La durabilité est devenue un atout majeur sur la table des négociations des grandes sociétés commerciales internationales. L'électricité fournie par les négociants provient des actifs propres du groupe, comprenant 44 parcs éoliens, ainsi que des complexes solaires et hydroélectriques, dont plus de 90 % de la matrice énergétique est basée sur des sources renouvelables. Cette électricité est accompagnée de certificats internationaux d'énergie renouvelable, permettant aux producteurs et aux usines de transformation de prouver la réduction de leurs émissions de gaz à effet de serre. Dans un contexte où la traçabilité socio-environnementale de la mode durable mondiale dicte les règles de consommation, prouver que le coton de Bahia est récolté et transformé avec de l'électricité propre est devenu un argument de vente puissant.

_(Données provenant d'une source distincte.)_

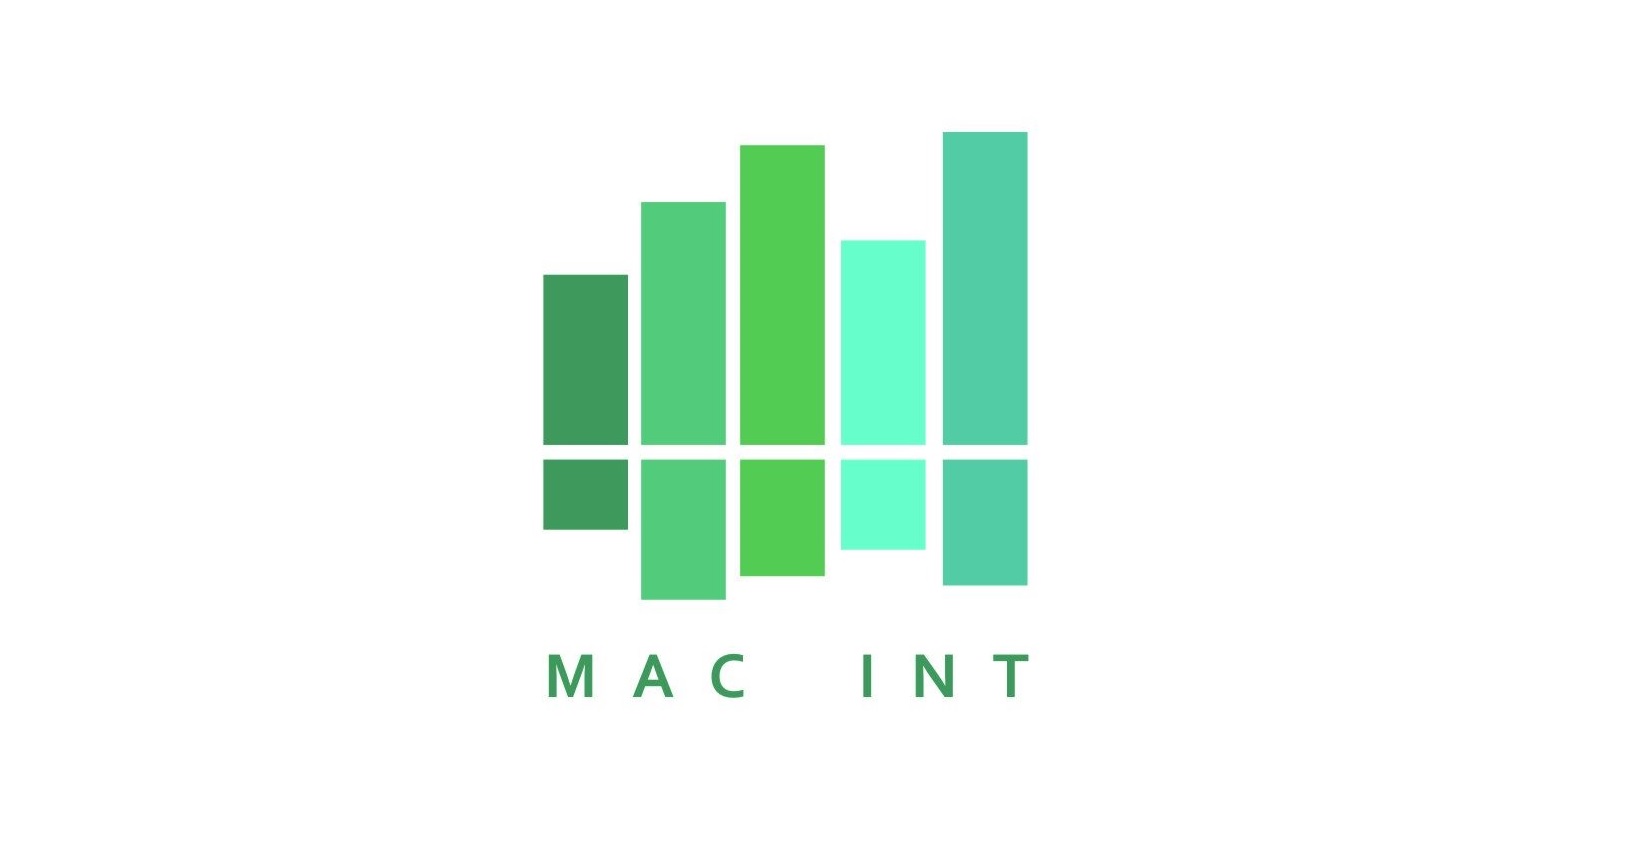 MAC INT logo
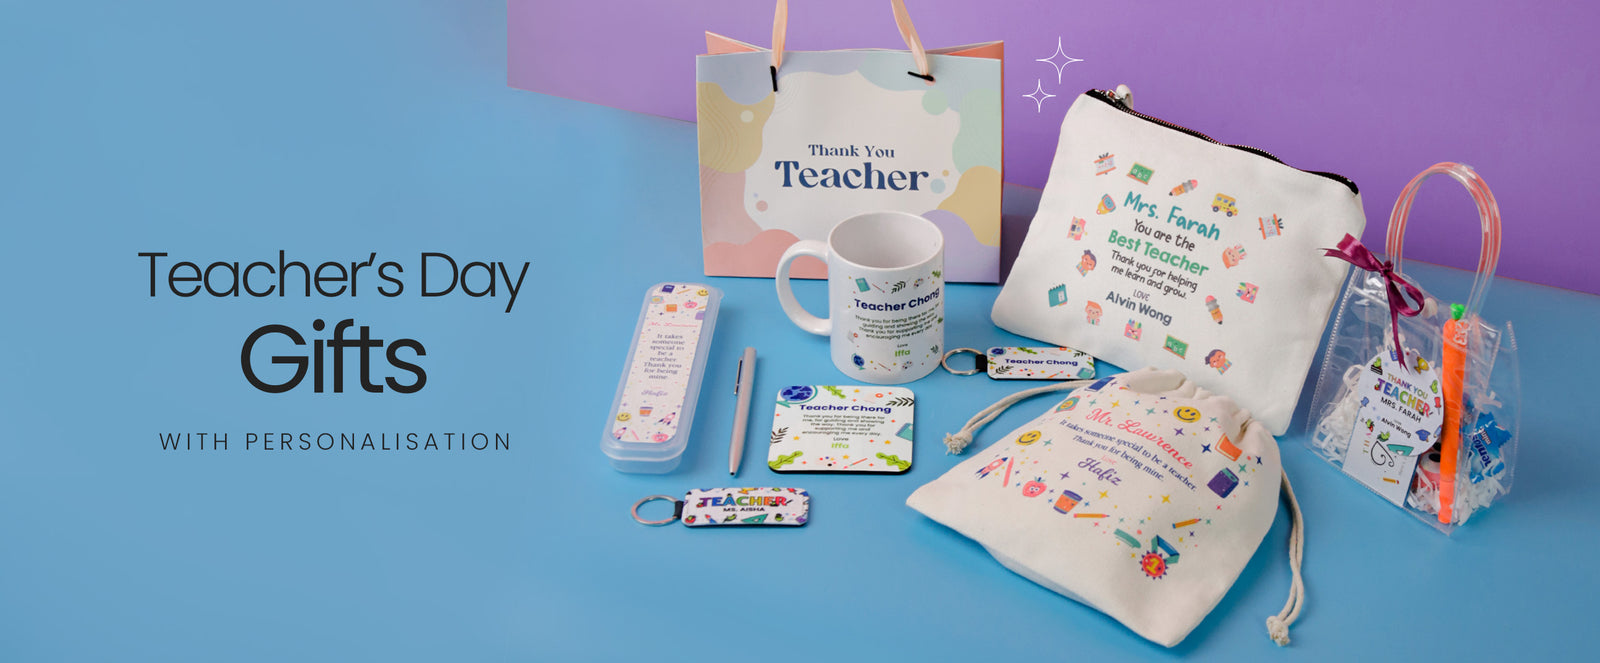 Amazing DIY Teacher's Day Gift Ideas During Quarantine |Teachers Day Gifts  | Teachers Day Gifts 2020 - YouTube

La superficie cultivée dans l'ouest de Bahia devrait doubler dans les années à venir. Sérgio Pitt estime que la région a accumulé une vaste expérience en matière de variétés, de gestion et de structure des sols, ce qui permet d'atténuer les problèmes climatiques et de garantir des rendements moyens plus satisfaisants, compensant dans une certaine mesure l'augmentation des coûts.